*Goal of the exercise*: For this exercise, restate every line below word for word and drop the images.

*Collected material*:
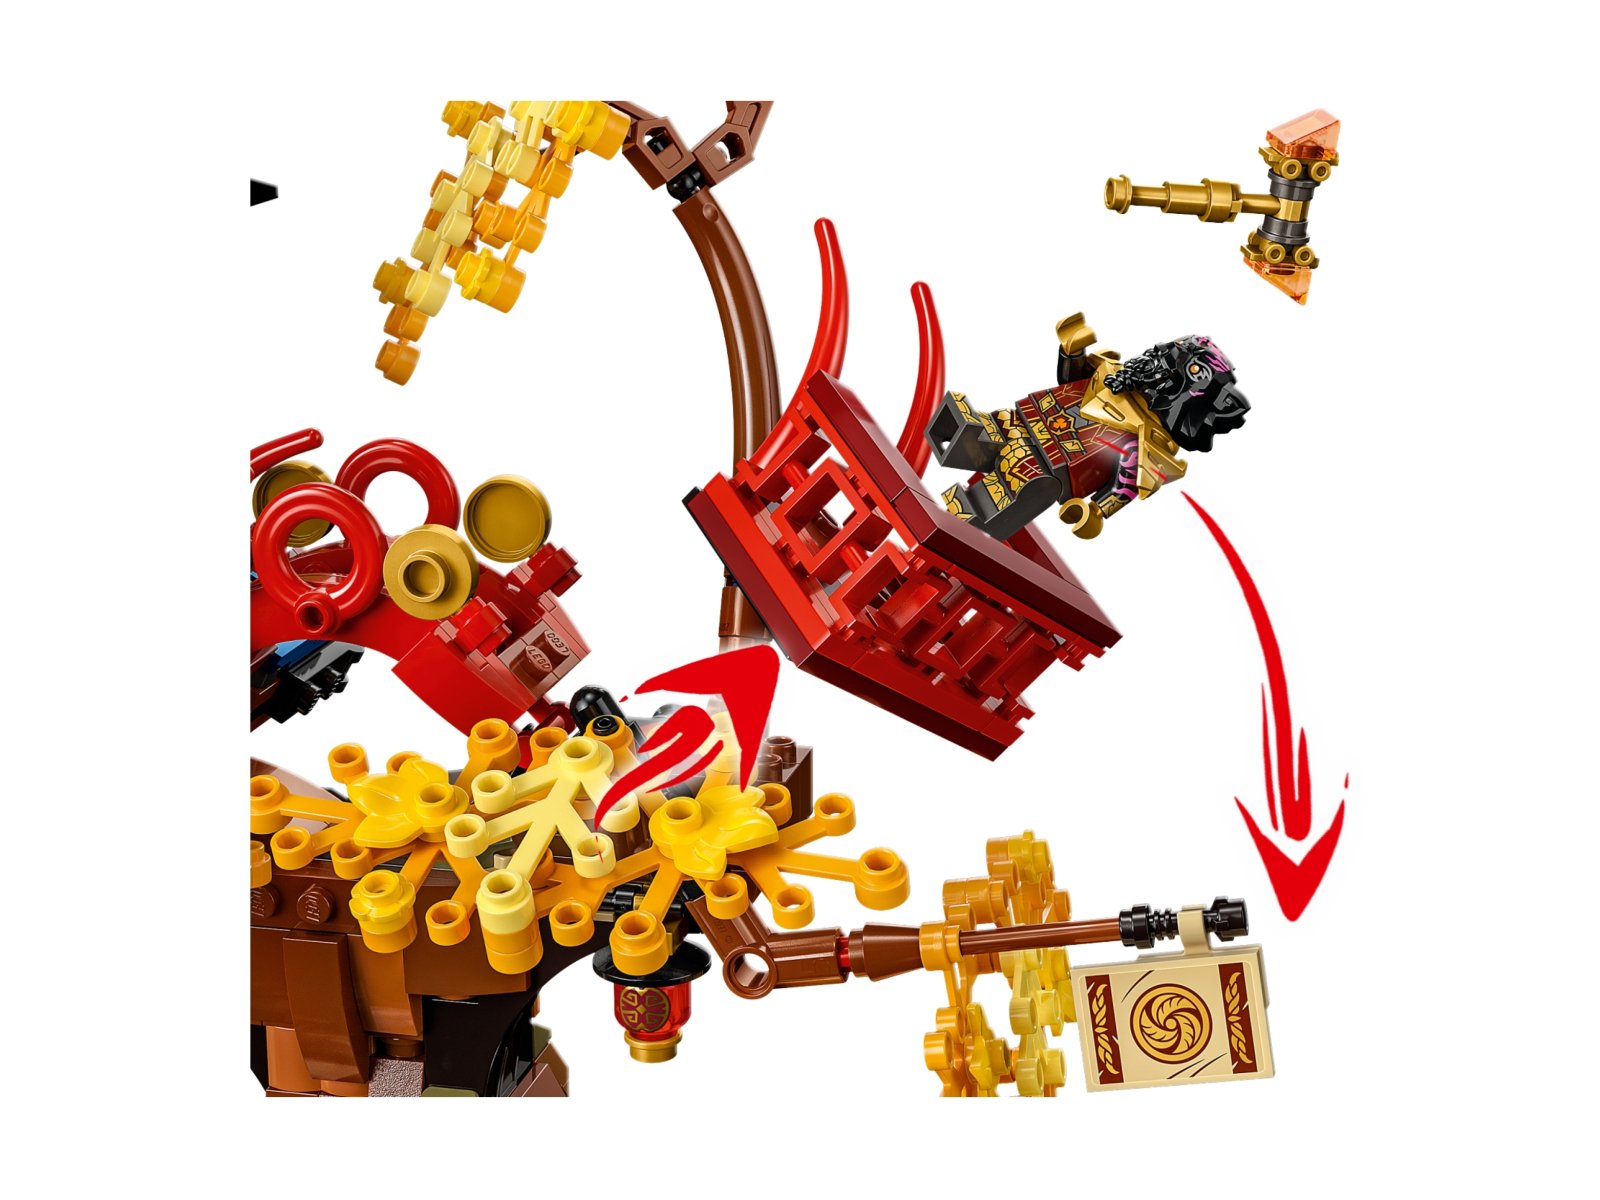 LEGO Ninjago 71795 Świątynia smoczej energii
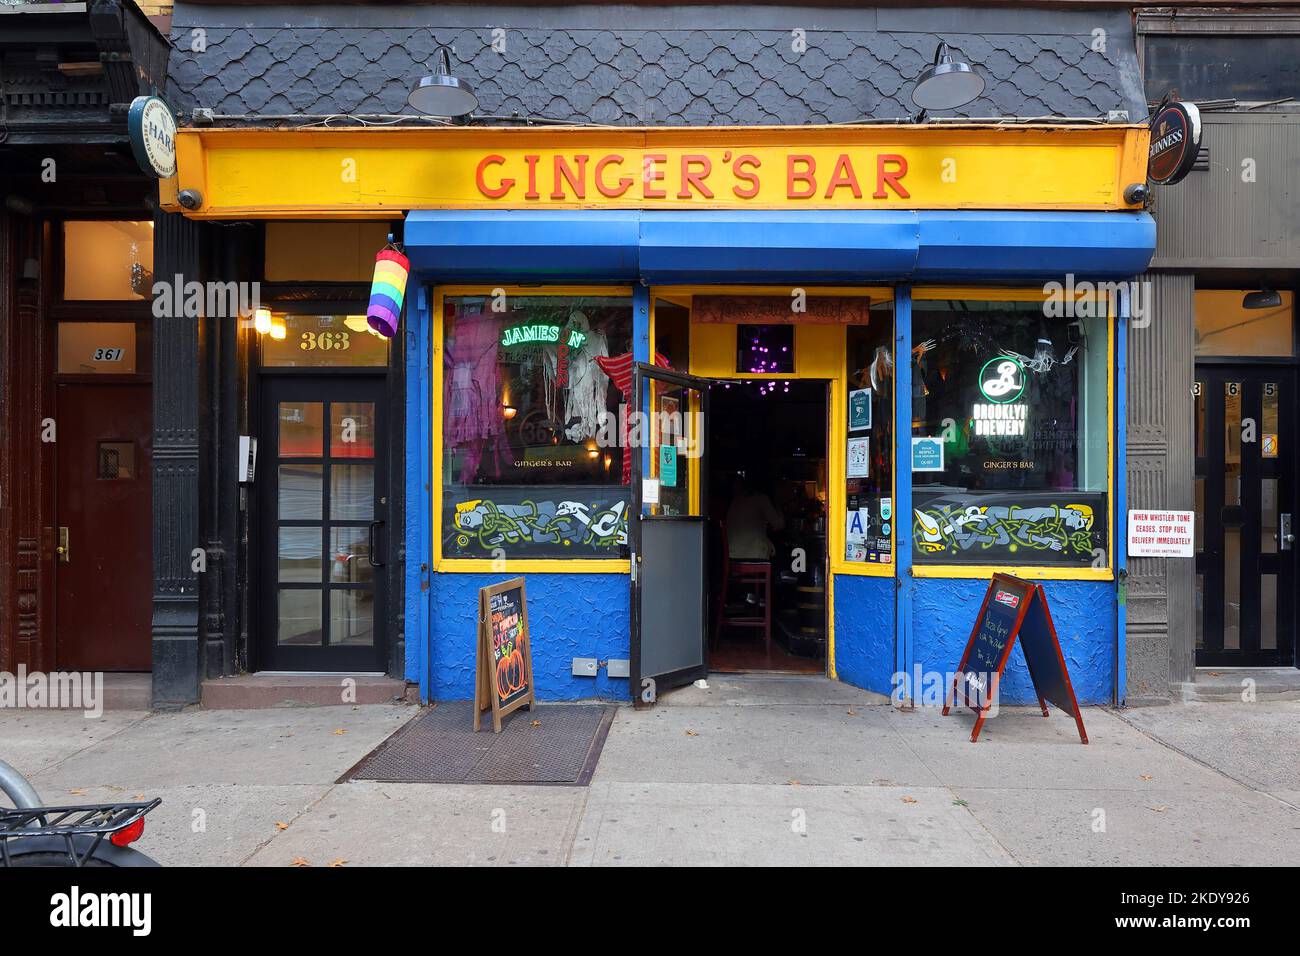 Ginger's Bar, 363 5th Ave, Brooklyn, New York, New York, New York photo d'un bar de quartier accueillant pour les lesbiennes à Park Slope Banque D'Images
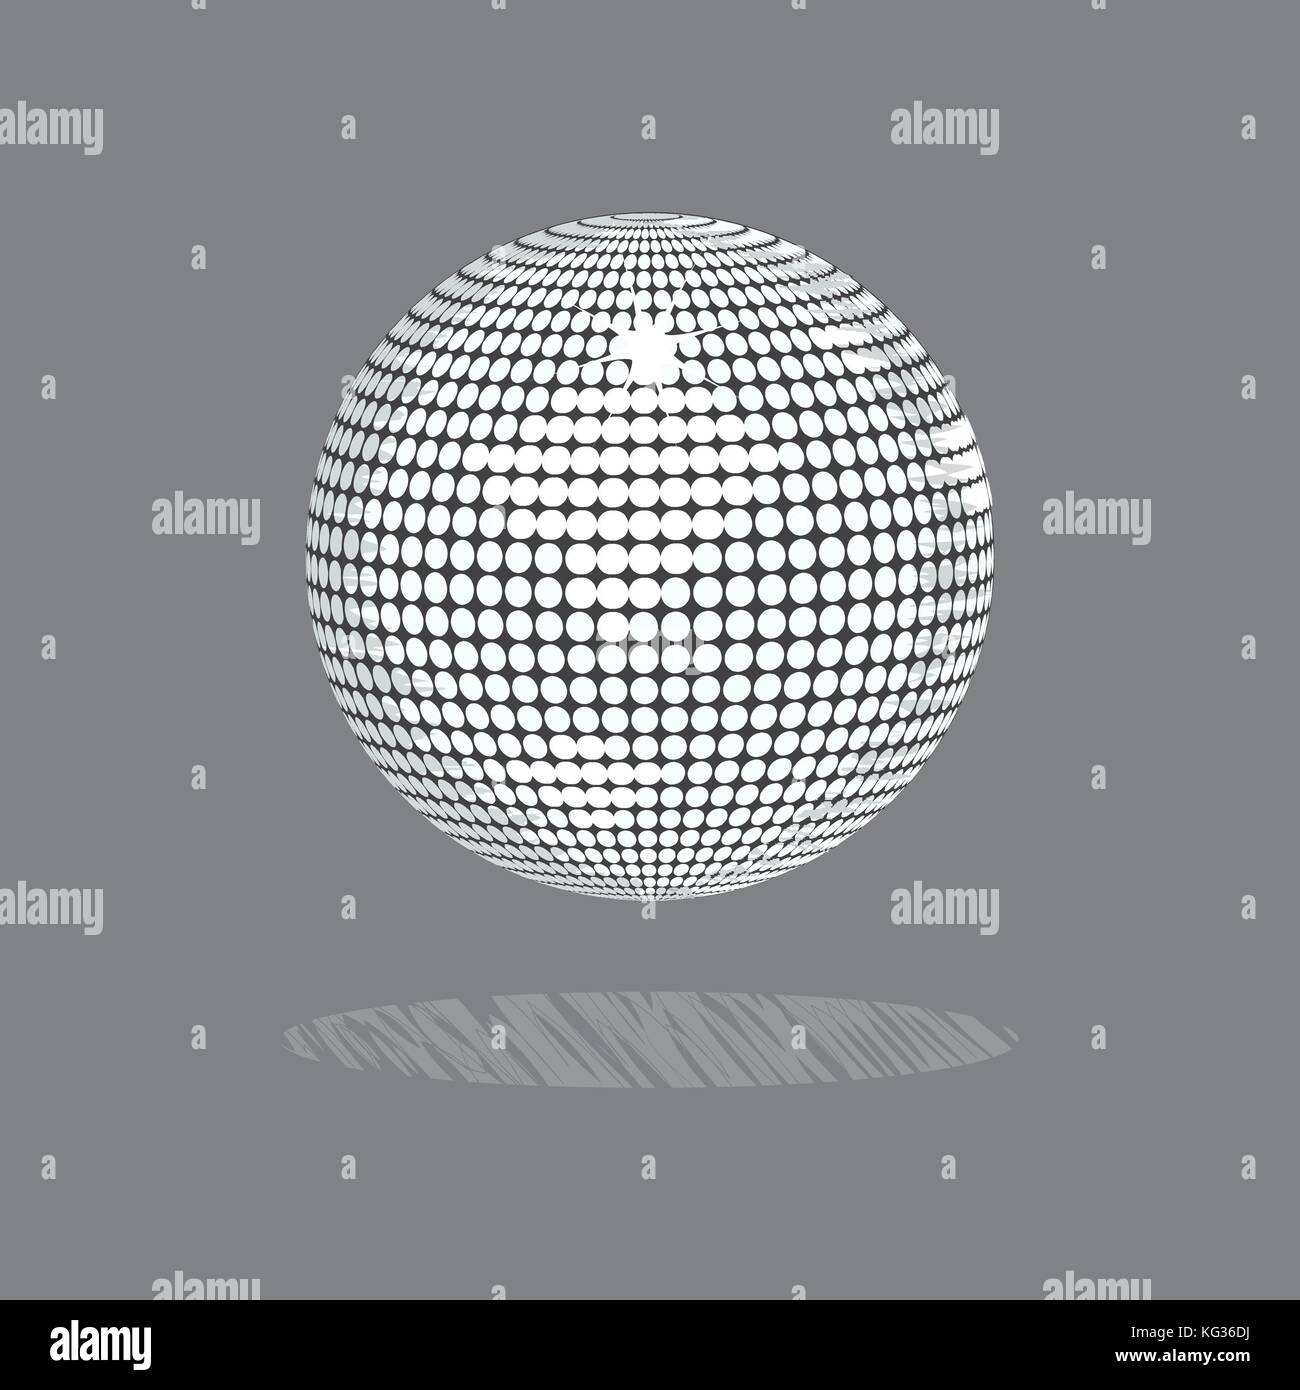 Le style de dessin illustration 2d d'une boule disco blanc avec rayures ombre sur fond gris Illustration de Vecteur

*Answer to this problem*:
 LEGO Ninjago 71795 Świątynia smoczej energii
 Ginger's Bar, 363 5th Ave, Brooklyn, New York, New York, New York photo d'un bar de quartier accueillant pour les lesbiennes à Park Slope Banque D'Images
 Le style de dessin illustration 2d d'une boule disco blanc avec rayures ombre sur fond gris Illustration de Vecteur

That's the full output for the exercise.